By that definition, the Washington Wizards are woeful. Just watching suggested that late-game struggles have defined this positive but less-than-ideal season so far. There are also numbers to back that up, numbers that don’t even include some of the non-boxscore miscues that helped sink the Wizards Wednesday night against the depleted Utah Jazz.

Start with general field-goal percentage. Washington falters as the game moves along. It opens at 48.5 percent from the field. In the fourth quarter, that number dips to 42.3. That’s 27th in the league.

There’s more. The Wizards are 26th in the league in second-chance points allowed in the fourth quarter. They are 24th in field-goal percentage “in the clutch.” They are 19th in 3-point percentage “in the clutch” and 23rd in net rating, at a staggering -12.

Much of the late-game failure can be attributed to Washington’s star players, John Wall and Bradley Beal. Their numbers late in close games are abysmal.

Beal’s shooting falls to 30.2 percent from the field and 21.1 percent from behind the 3-point line in the late-and-close situations. Across all quarters, his career averages in those categories are 44.3 and 39.4. So, his 3-point percentage has been sliced almost in half this season when his shooting matters most.

The results for Wall are also as poor. He is shooting 28.9 percent from the field and 21.4 percent from behind the 3-point line in the last five minutes of close games. That’s down from overall career numbers of 43.2 and 32.3, respectively. The sample sizes of late play in a half season versus career numbers needs to be taken into consideration. However, the comparison illustrates how off-course from the norm the dip becomes for Washington’s two best players.

This, in part, explains the story the eyes have told about Washington letting games get away from it late in games this season.

There are other end-game issues, too, which were displayed in Wednesday’s loss to Utah.

That night, Kelly Oubre Jr. committed two errors that resulted in six points. First, sedentary Jazz small forward Joe Ingles beat Oubre with a backdoor cut. On the recovery, Oubre fouled Ingles as he scored. That occurred with 6:05 to play. Five minutes later, Oubre left Ingles to help against a driving Donovan Mitchell. Mitchell passed out to the open Ingles, who made a go-ahead 3-pointer with 1:08 to play. It was the only 3-pointer Ingles made on the night. The Jazz did not trail again.

“Mental lapses, man,” Oubre said. “What do you want me to say? It’s on me. As a player, I got to do a better job of staying disciplined. I got to do a better job of making sure my man doesn’t score the game-leading three.

“That’s on me. I got to do a better job of pretty much locking in, making sure my man doesn’t do the things he wants to do. I put that on myself 100 percent.”

The errors infuriated Wizards coach Scott Brooks. Postgame, he mentioned both plays followed with the assessment, “can’t happen.”

Oubre’s mistakes that night are coming from a 22 year old midway through his third season. The shooting issues for Wall and Beal late in games are rooted among the team’s leaders.

Last season, Beal was much better in these particular situations, going along with the overall increase in his offensive efficiency.

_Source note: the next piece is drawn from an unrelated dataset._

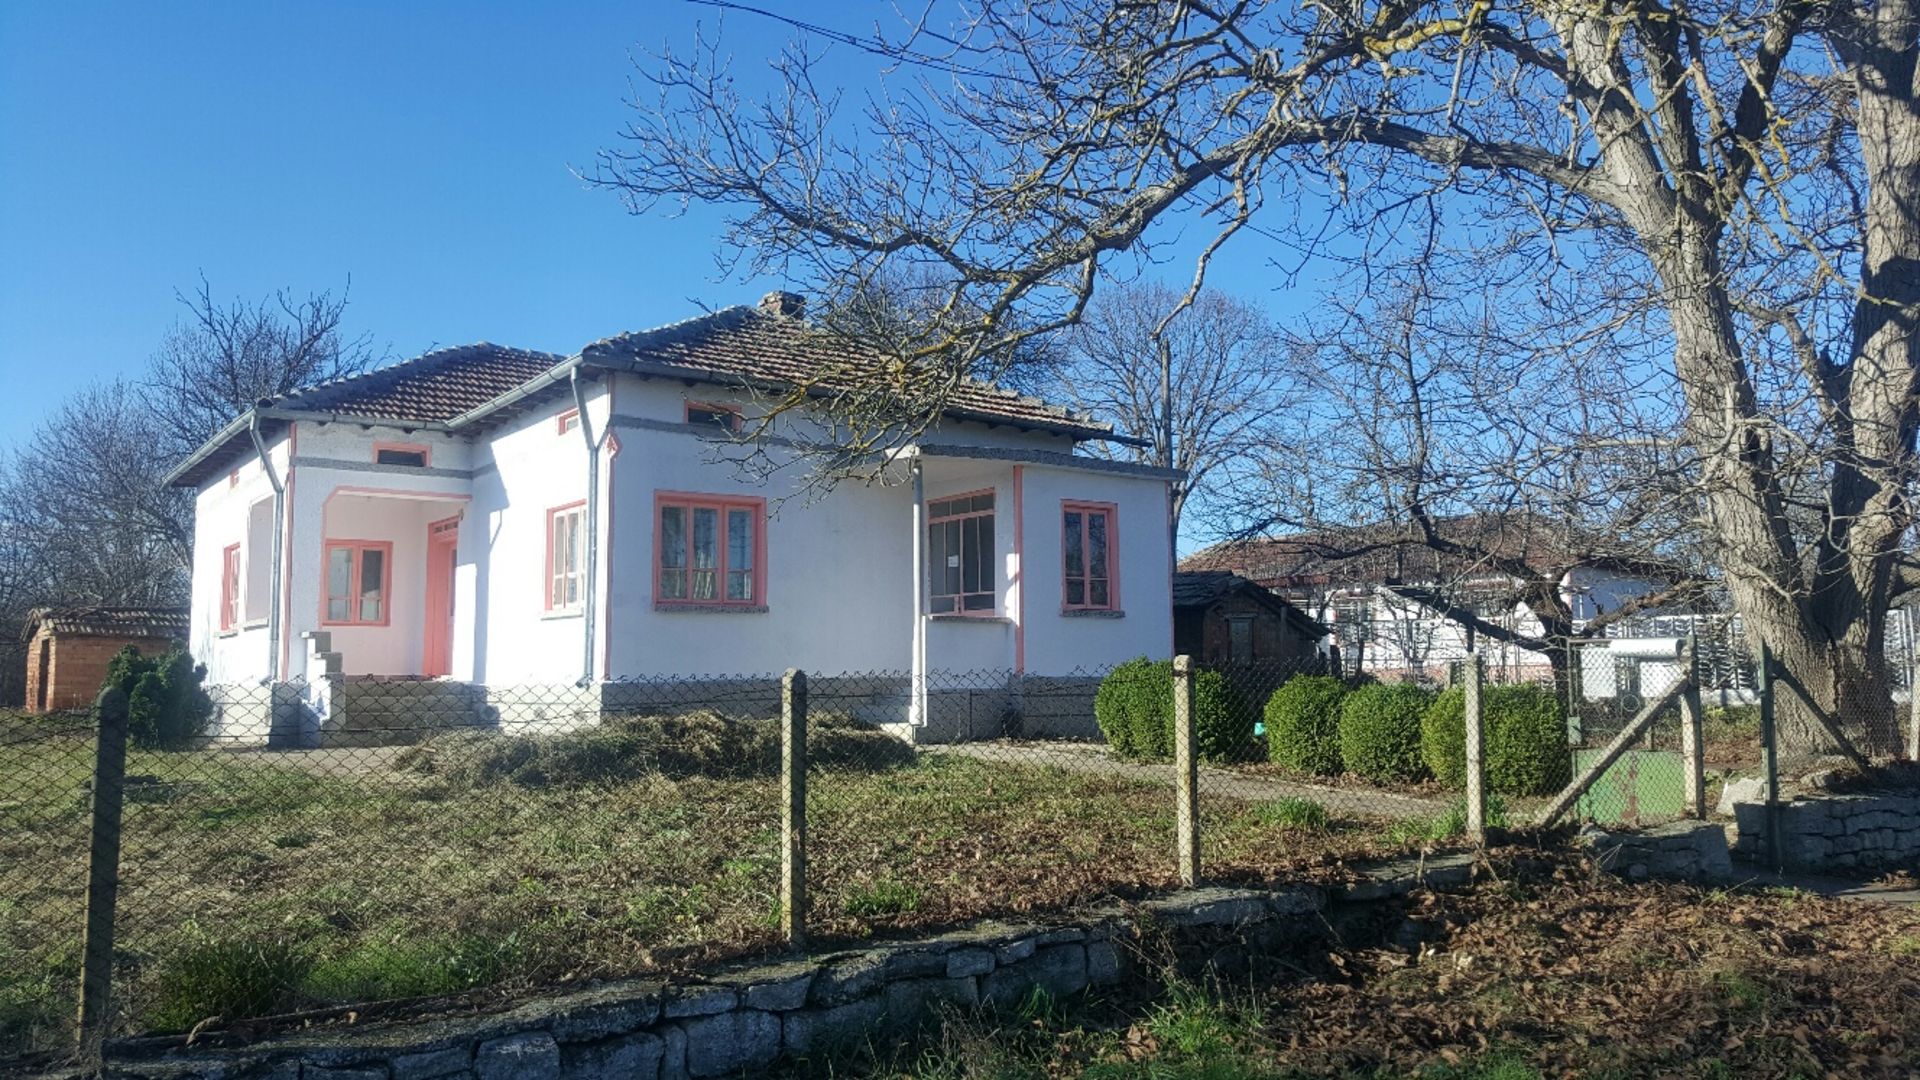 Ready to move into 5 room Bulgarian cottage for sale. With land not far from coast - Image 3 of 42

Beal shot 43.3 percent “in the clutch.” Wall was also better last season, when he shot 41.2 percent in these situations. Their past performance only makes their current one more noticeable.

Washington, five games over. 500 and on pace to win 46, opens the second half of the regular season Friday at home against Orlando. An area of cleanup is clear, and it starts late in the game with the team’s two best players.